The CAA is statute; it holds that Congress cannot exempt itself from federal labor law. Now that the regulations governing the bargaining process are written and passed under House rules, critics of the GOP’s action say that Congress would have to pass a law repealing parts of the CAA and restoring the exemptions.
House members did not write those regulations; they only approved them. The OCWR promulgated the regulations, and only they, according to this argument, could alter them. The House cannot unauthorize the regulations or unwind the collective-bargaining agreements that have already been confirmed.
House Republicans obviously have a different opinion. But it’s unclear how far they’d go to enforce that. It is incredibly unlikely that any Republican office will have staff attempt to unionize, at least in the near term. If a Democratic office believes they remain unionized even after the rules vote, would Republicans go to court to disband it? And who would want to hear that case? This is more of a question of House procedure than labor law, making it destined for federal courts rather than the National Labor Relations Board. And it may be seen as a political question where judges don’t want to intervene.
For their part, the Congressional Workers Union, the umbrella group for organizing staff, has said that they are not viewing the imminent rules package vote as the end of the line. “We organized and unionized offices in the 117th Congress, and we’re going not to stop in the 118th Congress. When we fight, we win, and we’re ready to take on any anti-worker battles that may come our way,” CWU wrote in a tweet.
Interestingly, two incoming House Democrats, Reps. Chris Deluzio (D-PA) and Maxwell Frost (D-FL), signaled their endorsement in replies. Either of those offices could provide a test case if staffers choose to organize with their boss’s support.

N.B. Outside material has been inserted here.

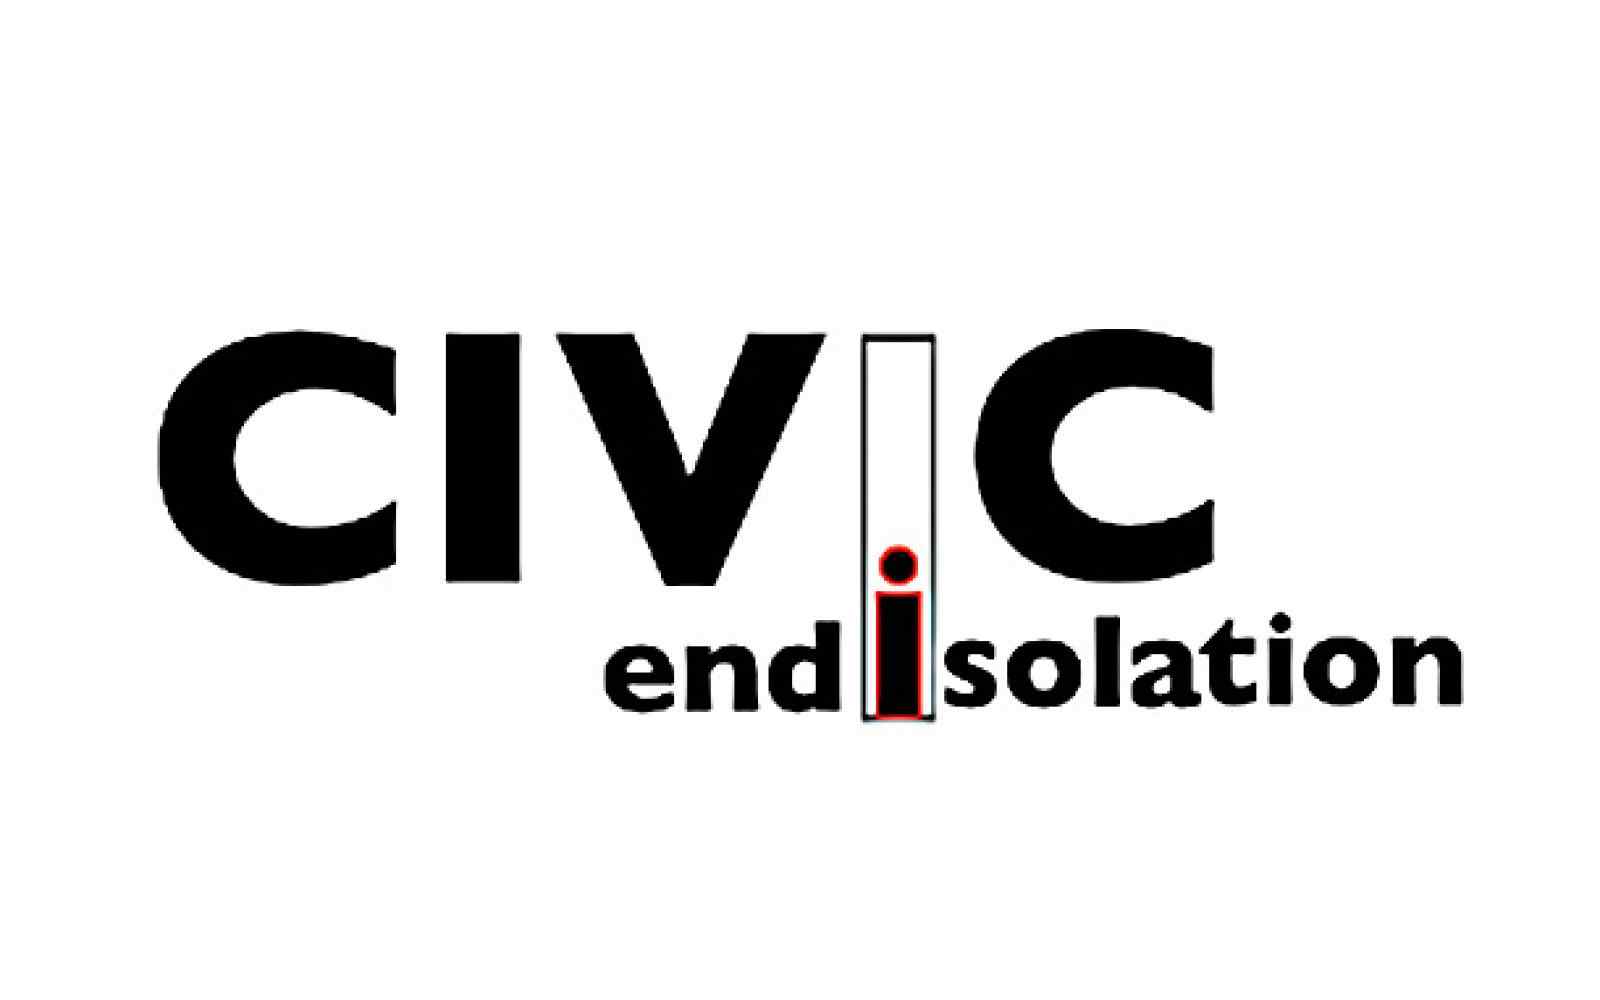 CIVIC - End Isolation - logo

UPDATE: In a statement to the Prospect, Congressional Workers Union member Taylor Doggett said the union was currently seeking advice from legal and legislative experts on whether the rules package could nullify staff unions. “As of now, we have no plans to stop our organizing drive and this has in fact invigorated workers to want to utilize their collective power even more and cement their seat at the table,” Doggett said.